- **Raw data**

----------

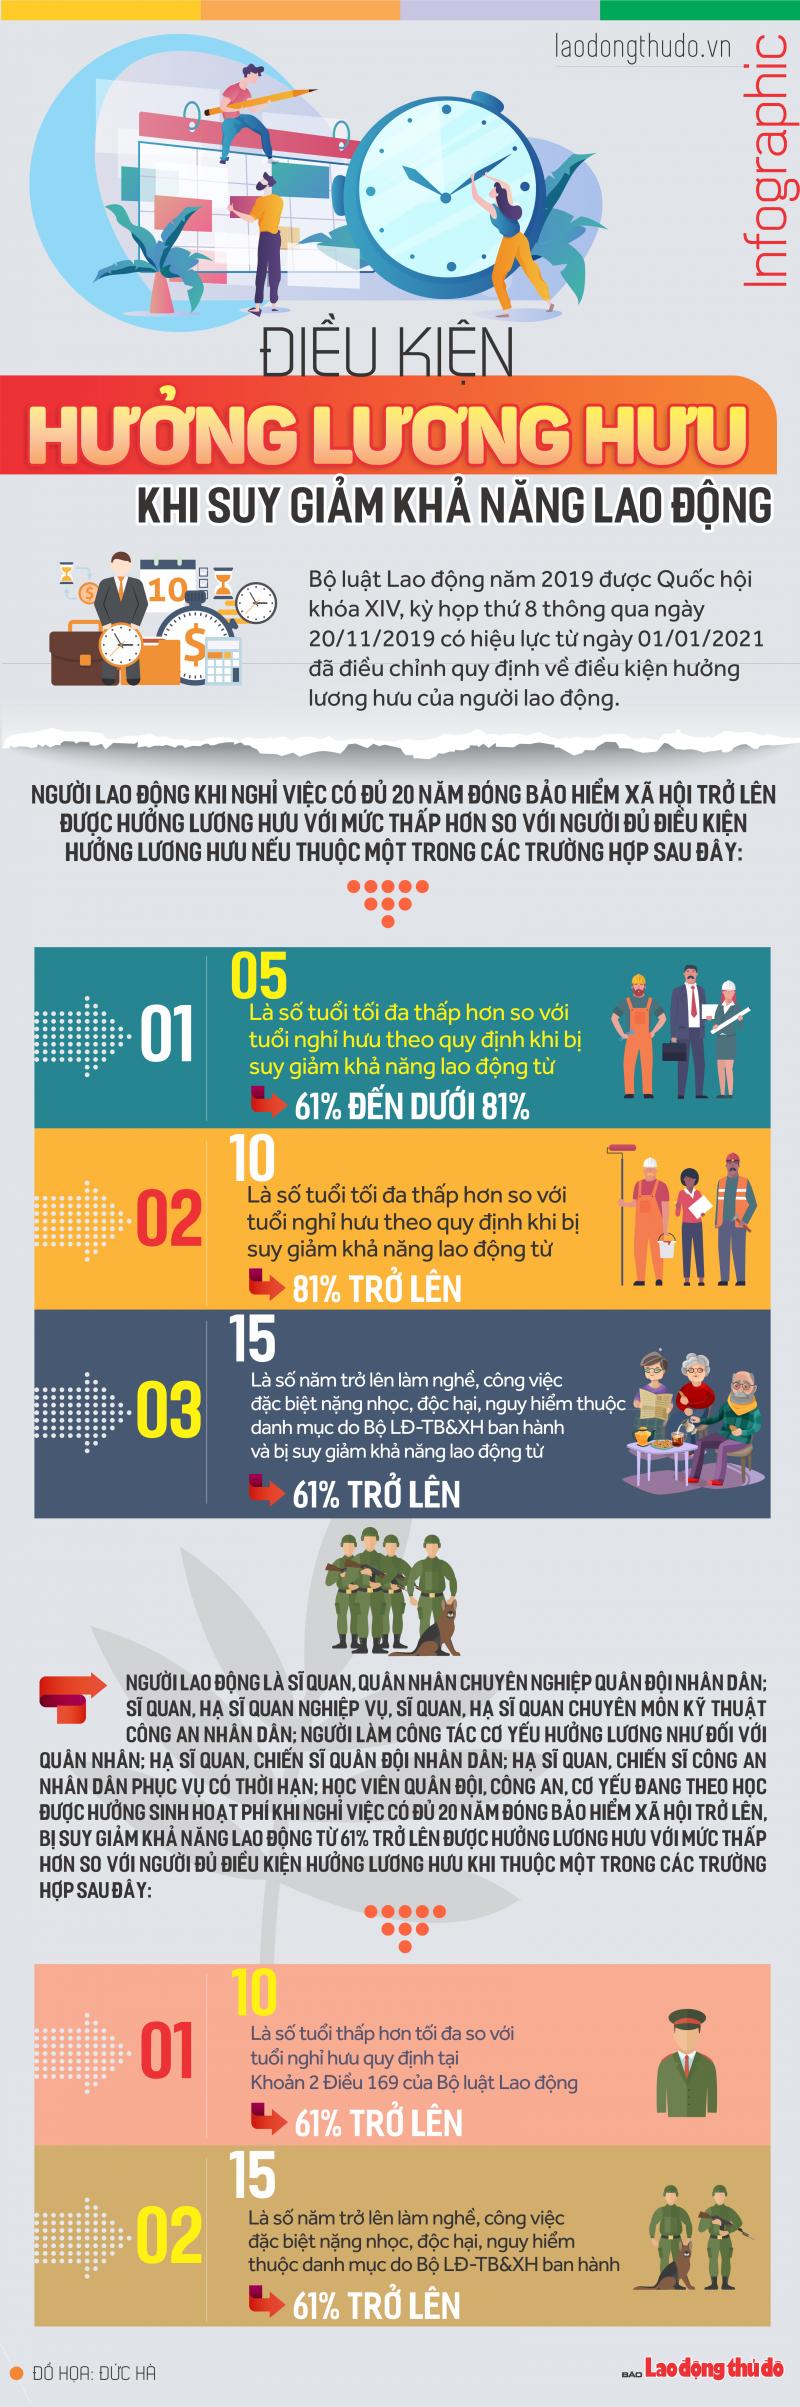 infographic dieu kien huong luong huu khi suy giam kha nang lao dong
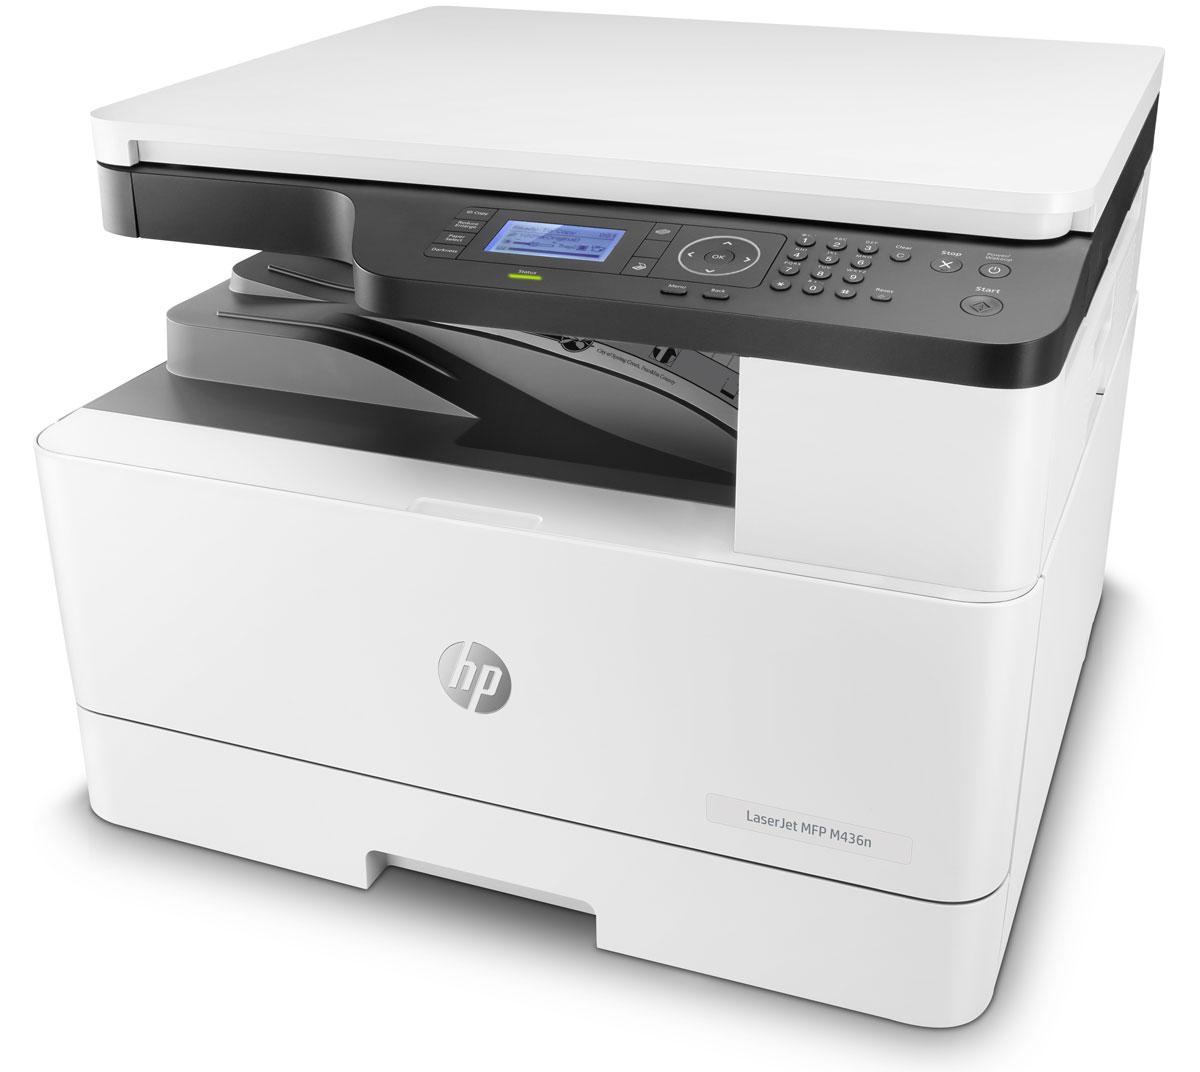 HP LaserJet M436n МФУ принтер струйный epson l312
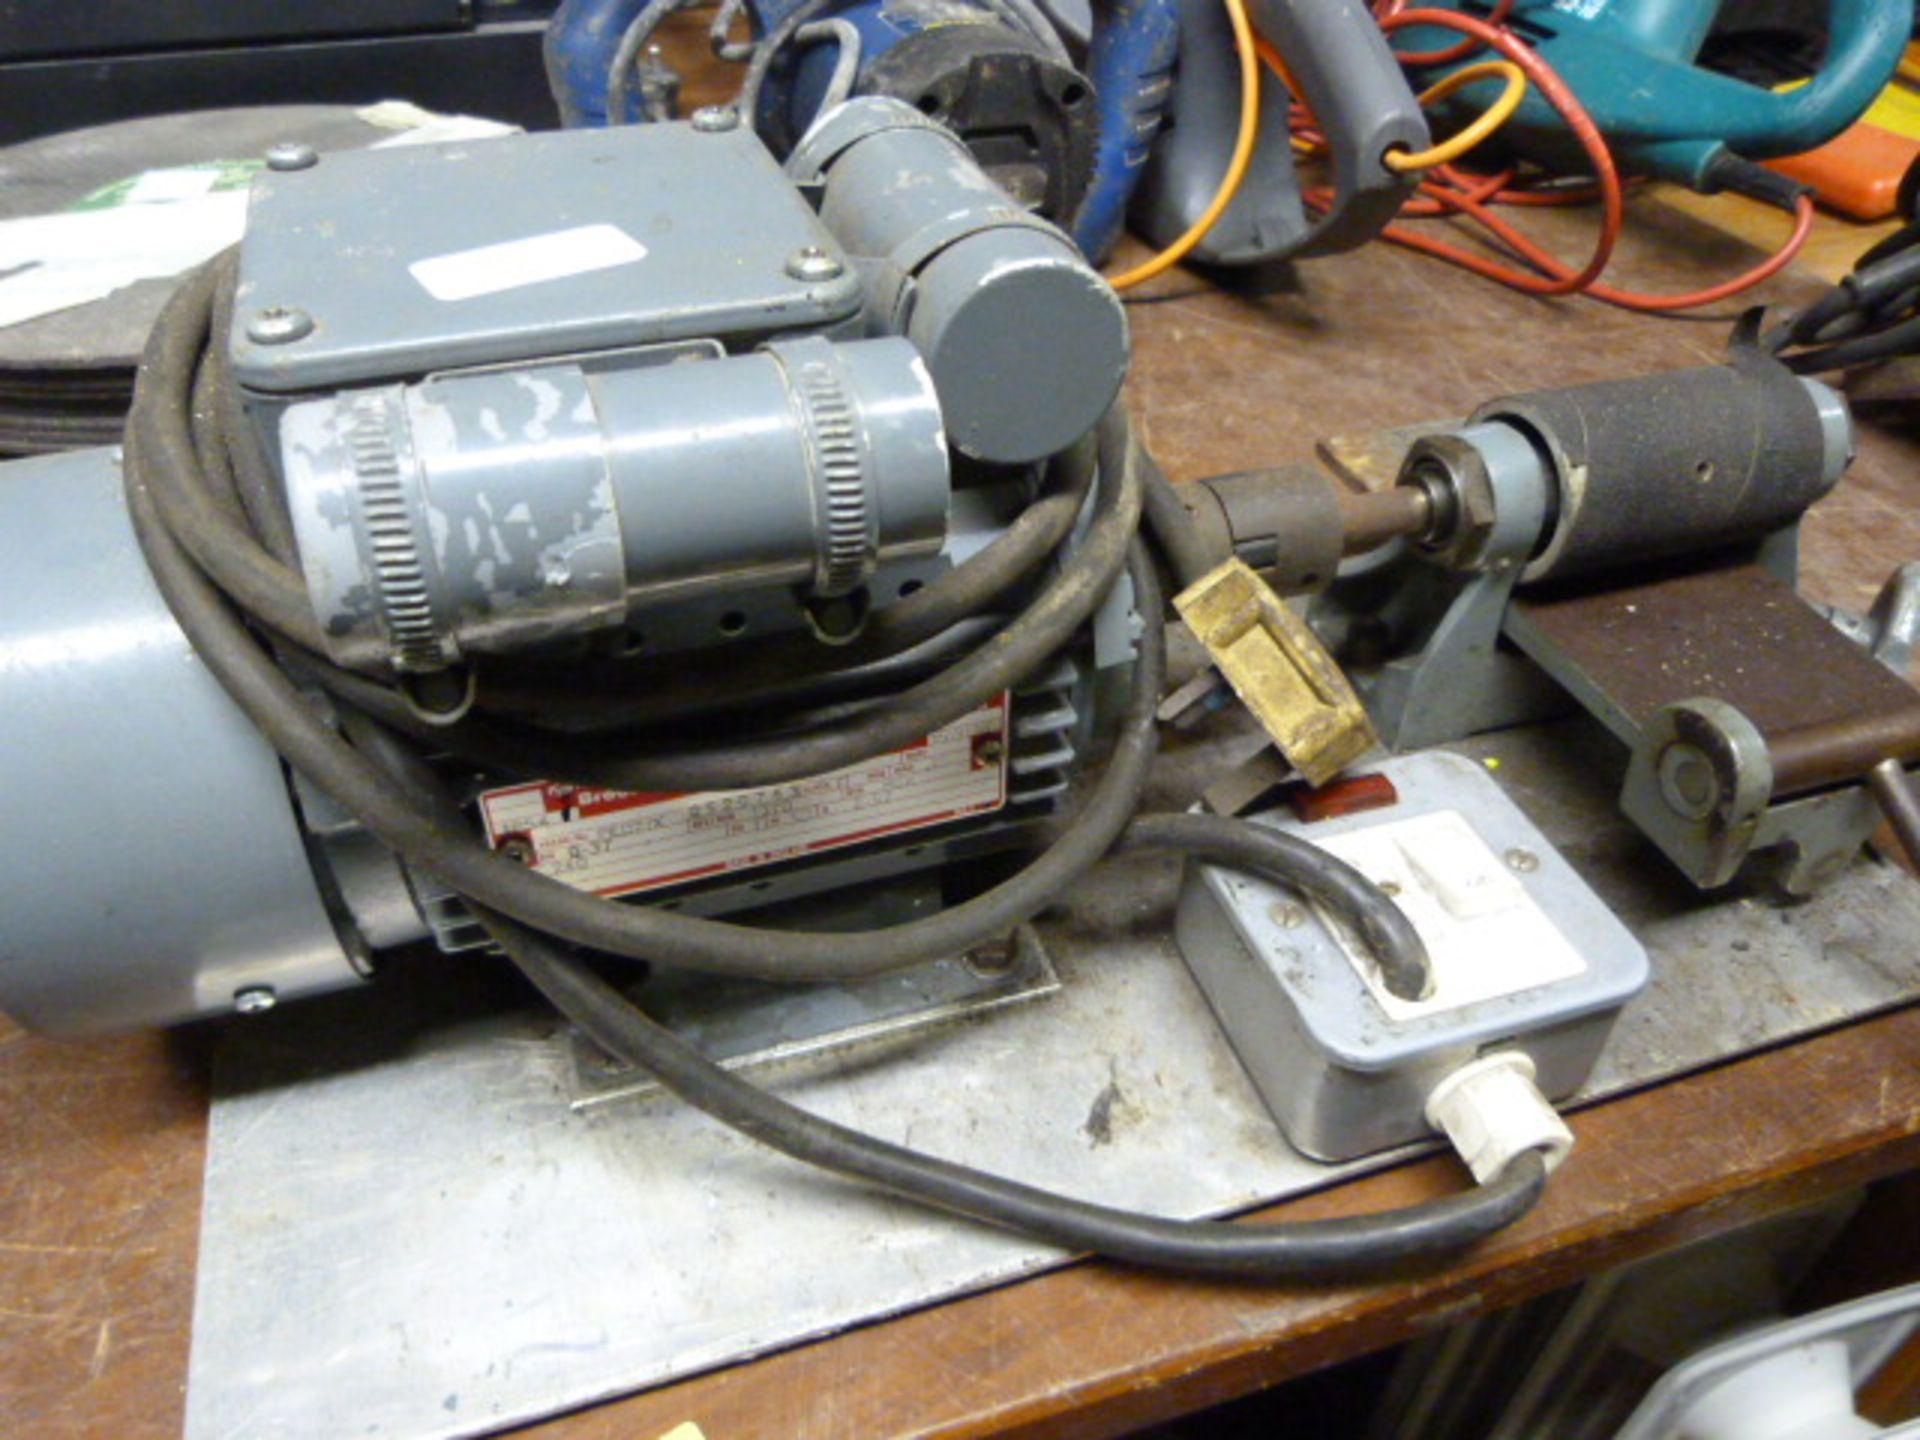 Lot 212 - Adjustable Electric Sander (Homemade?)
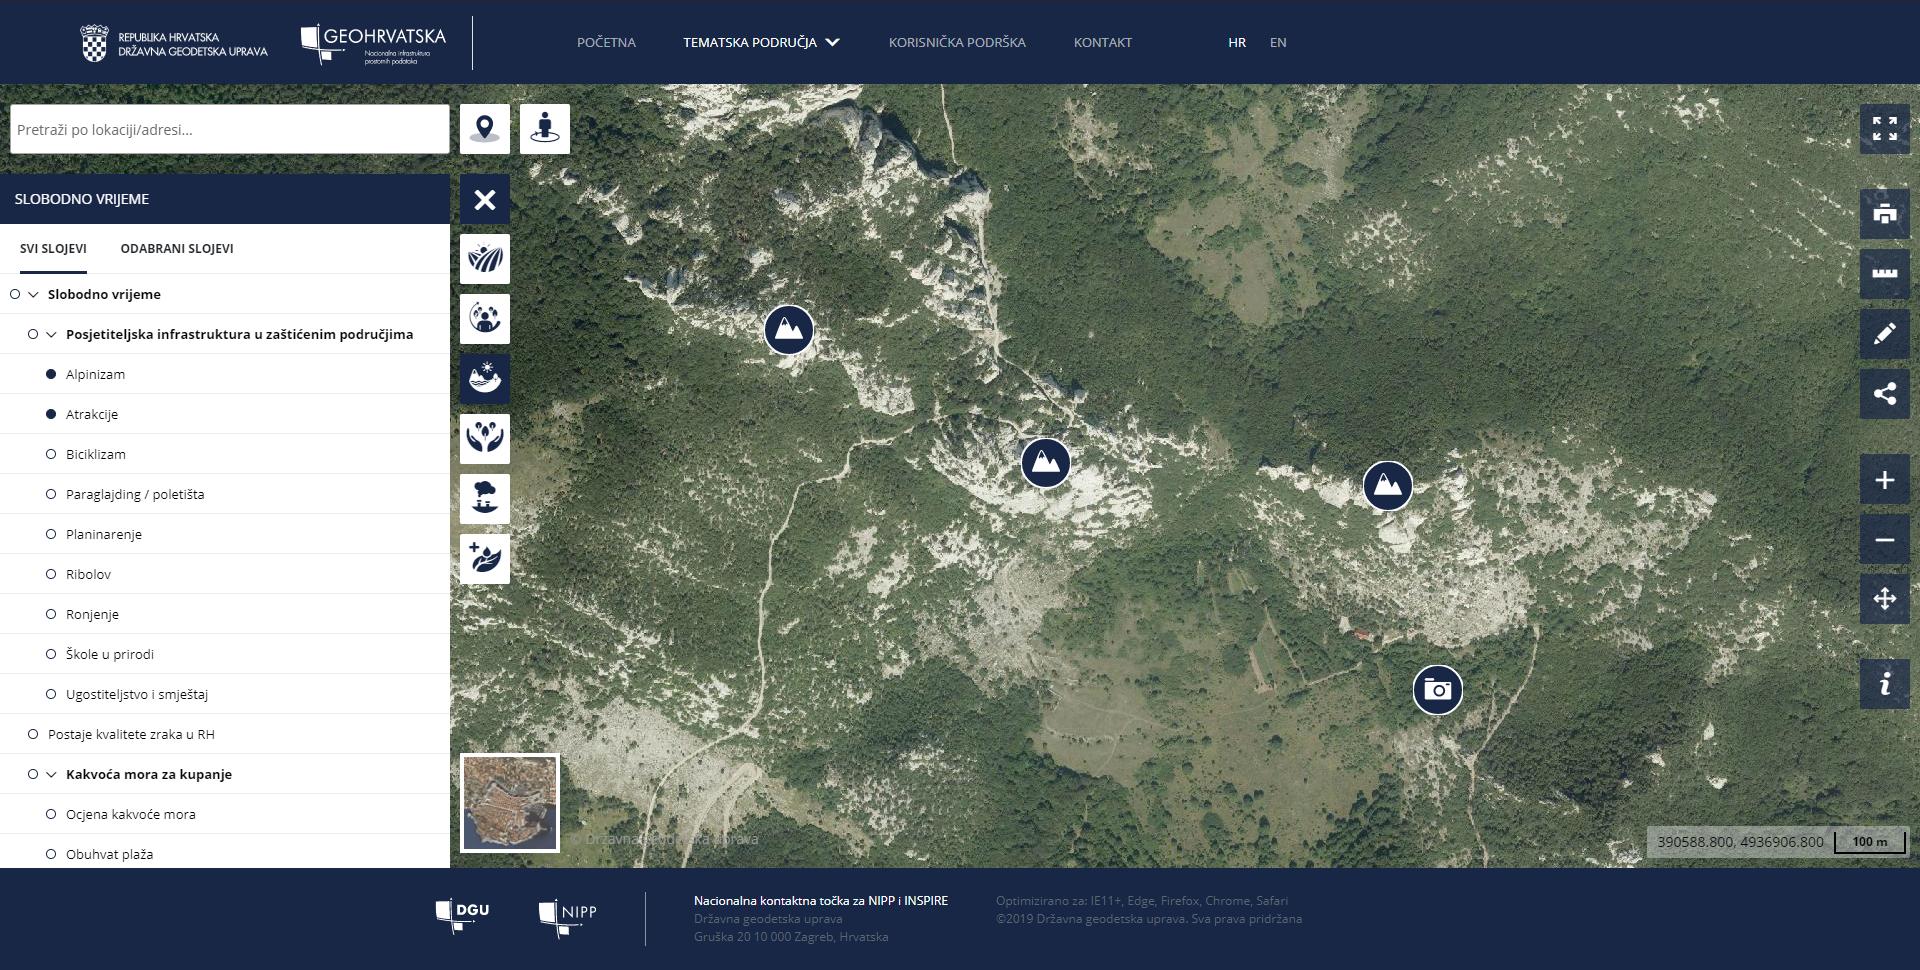 Prikaz preglednika GeoHrvatska. Na lijevoj strani slike je prikazan izbornik slojeva iz šest tematskih područja. Na desnoj strani slike su ikonama s pripadajućim simbolima označeni najbliži prostorni podaci iz odabranog sloja.

----------

- **Problem description**
Starting at the line that contains "HP LaserJet M436n" and ending at the final line of the data, reproduce each line exactly. Pictures stay out of the copy.

- **Written response**
 HP LaserJet M436n МФУ принтер струйный epson l312
 Lot 212 - Adjustable Electric Sander (Homemade?)
 Prikaz preglednika GeoHrvatska. Na lijevoj strani slike je prikazan izbornik slojeva iz šest tematskih područja. Na desnoj strani slike su ikonama s pripadajućim simbolima označeni najbliži prostorni podaci iz odabranog sloja.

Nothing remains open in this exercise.